Help, we are moving and cannot take our pack goats. We have 7 beautiful wethers available for purchase. Ages 3-5. All are horned, bottle-raised, trained packers. Big, strong, healthy. We also have gear, fencing, and a 4-horse (8-goat) trailer available. These boys are our babies and must go to a good home. They are currently living in New Meadows, Idaho. Please help find them a great home. We can send more information and pictures if you are interested or know someone who is.


----------



## TDG-Farms (Jul 12, 2013)

Yep send pictures. Whats your easiest way to send em?


----------



## TOU (Aug 18, 2013)

PM'ed you. Please PM/email me particulars.

Thx!

TOU


----------



## Charlie Horse (Dec 16, 2012)

Yeah pictures would be good along with descriptions per-goat etc. such as ...

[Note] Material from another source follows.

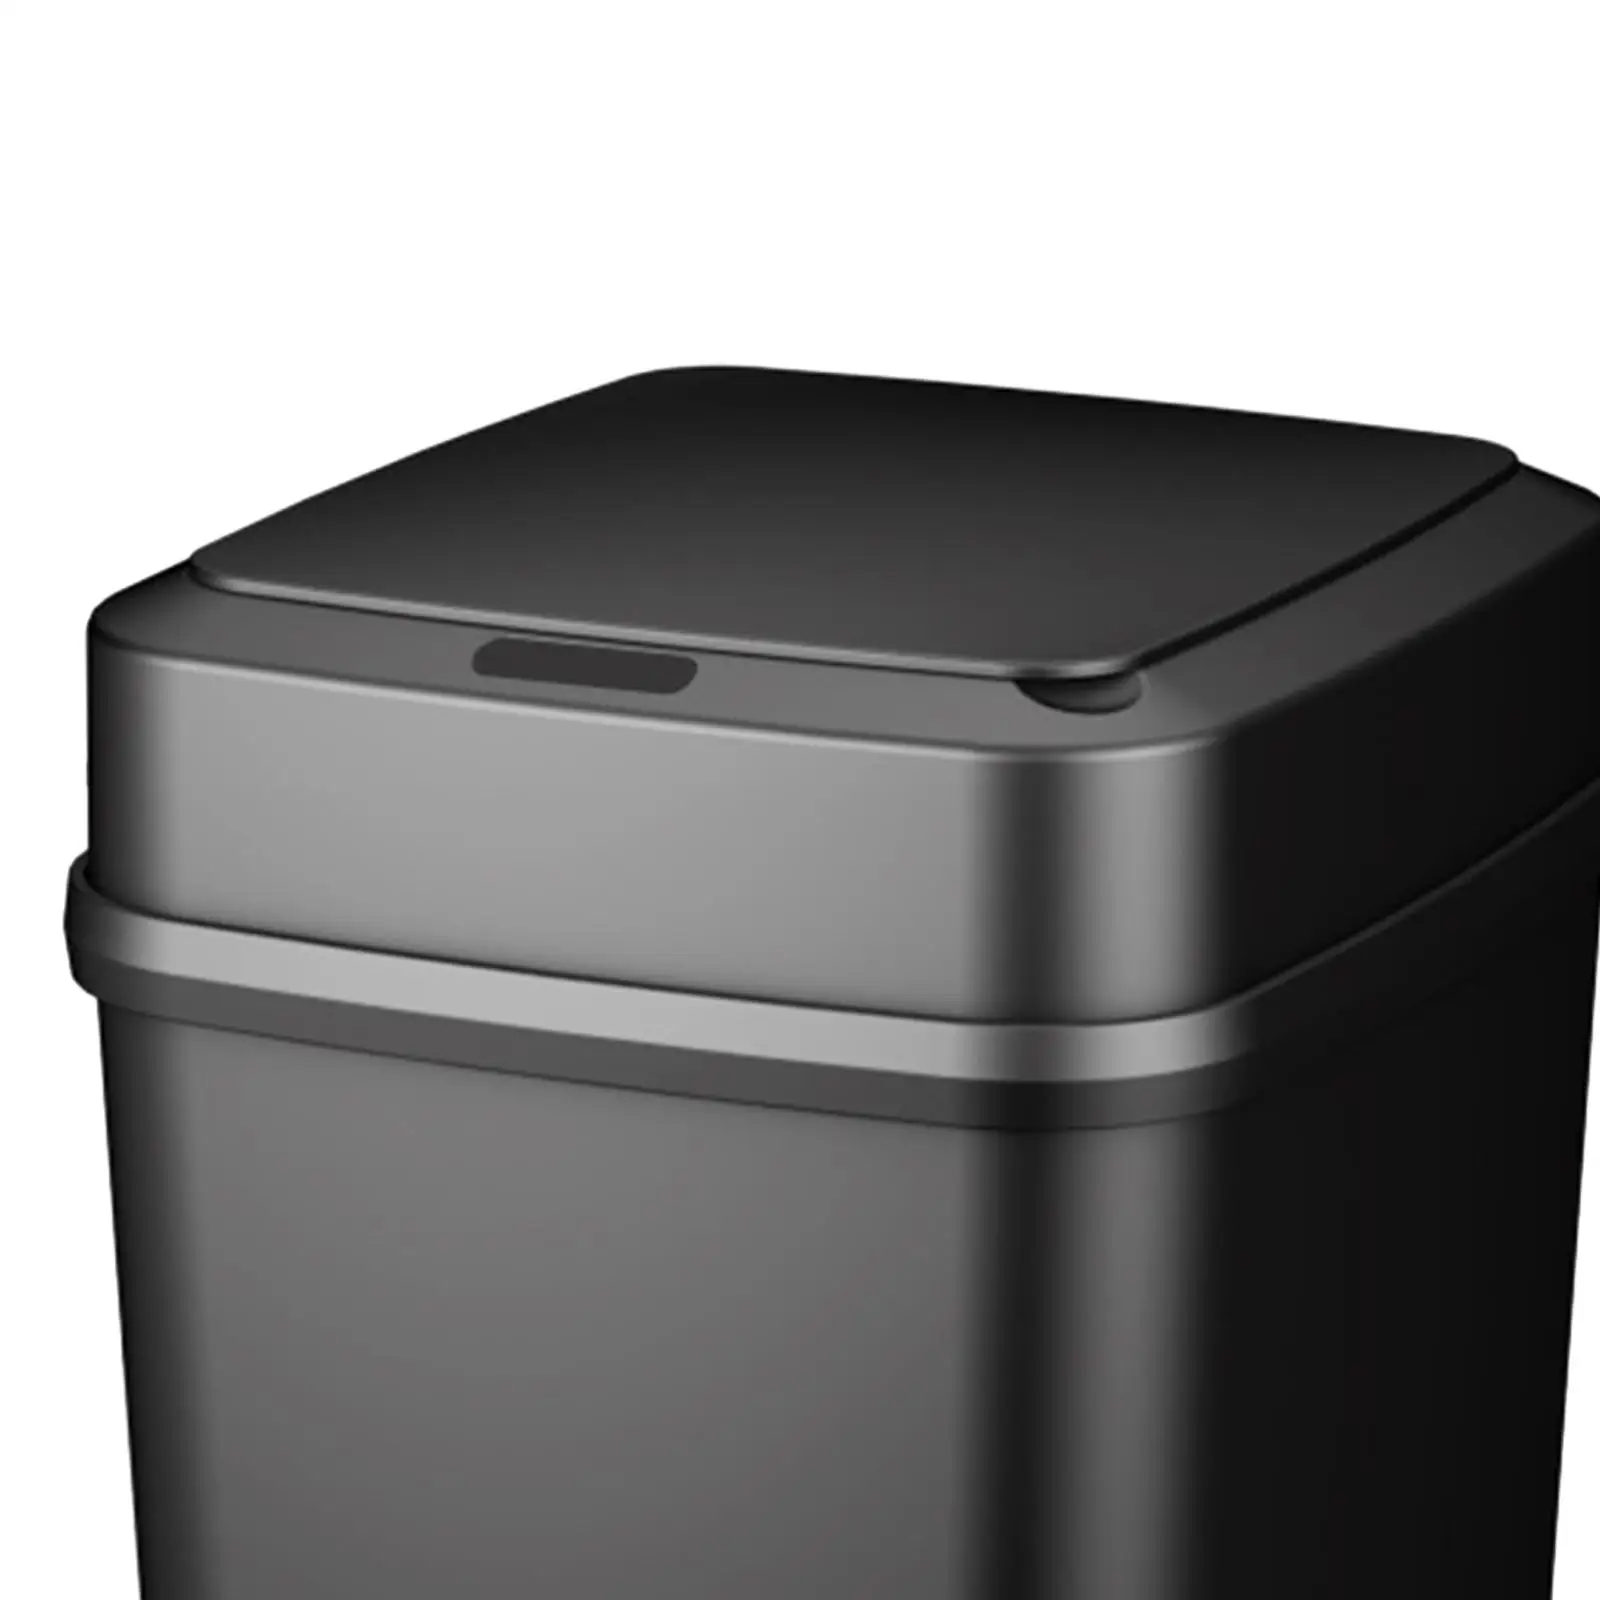 Touchless Trash Can 13L Automatic Garbage Can for Living Room Office Bedroom
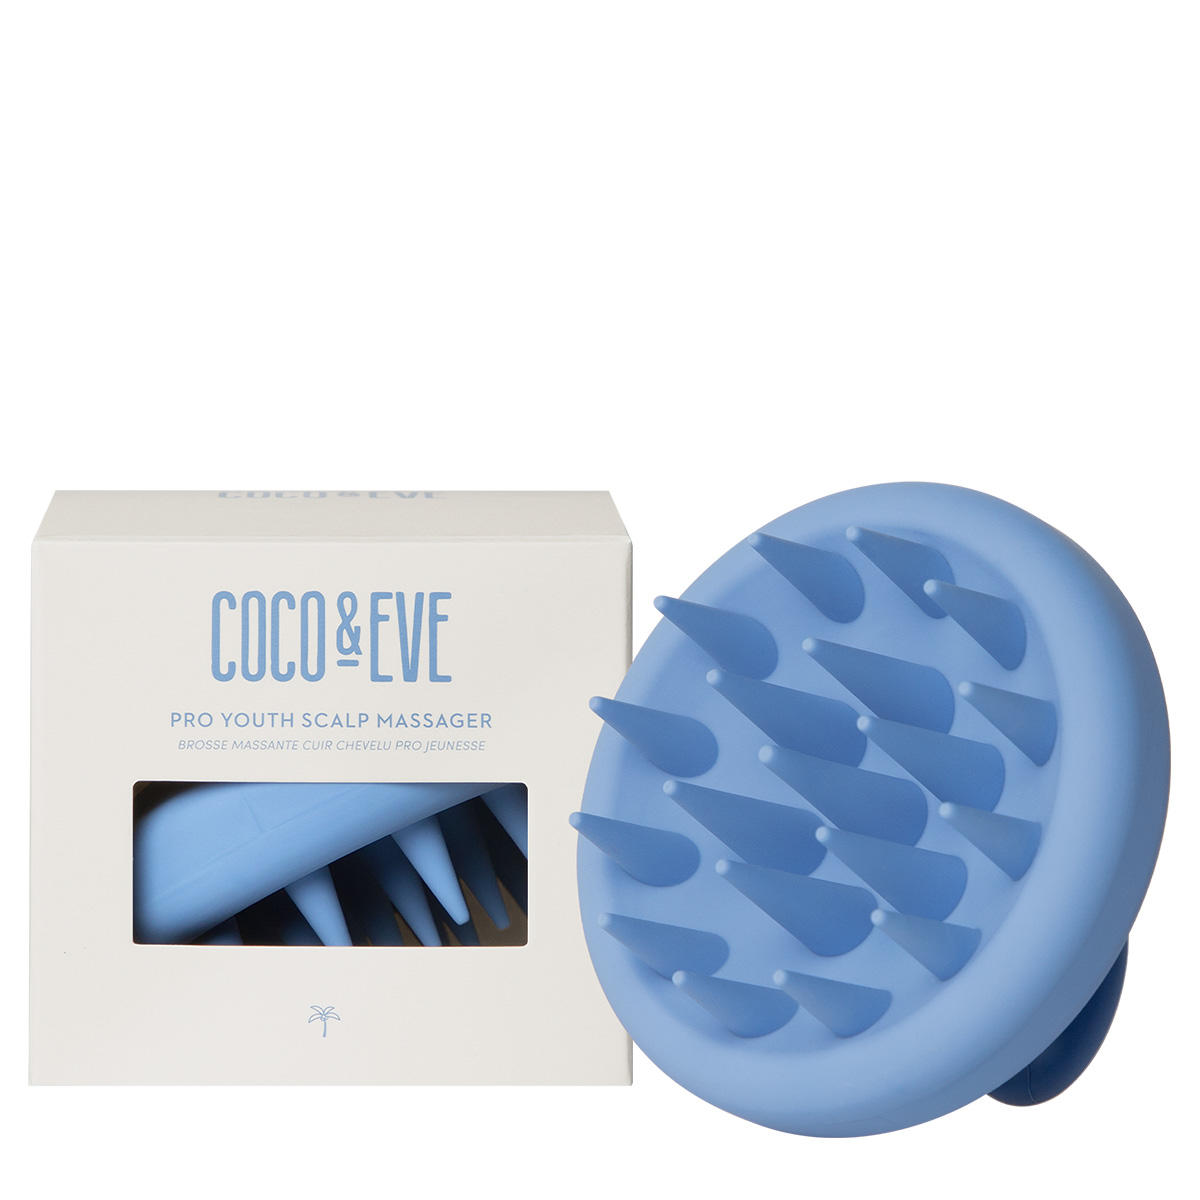 COCO & EVE Pro Youth Scalp Massager  - 2

"Conan the Vegetarian is a 6 year old Alpine/Boer mix. He enjoys wandering and teaming up with random goats that he meets on the way. He is super buff, but quiet and thoughtful. Sometimes he sits on his throne and pontificates for hours. He was a pack goat when he was young, building up heaps of bulging muscles, but later won his freedom and since then has refused to be saddled. Since conquering the back yard, he has set his sights on the greener grass on the other side of the fence. His favorite pastime is to crush his enemies, see them driven before him, and to hear the lamentation of their does."

"Boer-is Yeltsin is a large, pudgy goat, all white, with only a small blotch of color on his forehead. He revolutionized goat packing with his famous "glasgoatst" policies. He considers himself a "Kozyel" rather than a goat, and he likes his grain fermented."


----------



## Bwana Ken (May 9, 2011)

I'm very interested in learning more about your goats and seeing some photos. I'll send you a PM with my email address.

Ken


----------



## TOU (Aug 18, 2013)

I have seen this posted a few places on the Net. Anyone heard from the seller?


----------



## sweetfreedomgirl (Jan 31, 2011)

Tou, 

Nothing so far.


----------



## TDG-Farms (Jul 12, 2013)

has 1 post here and never returned... some peoples kids


----------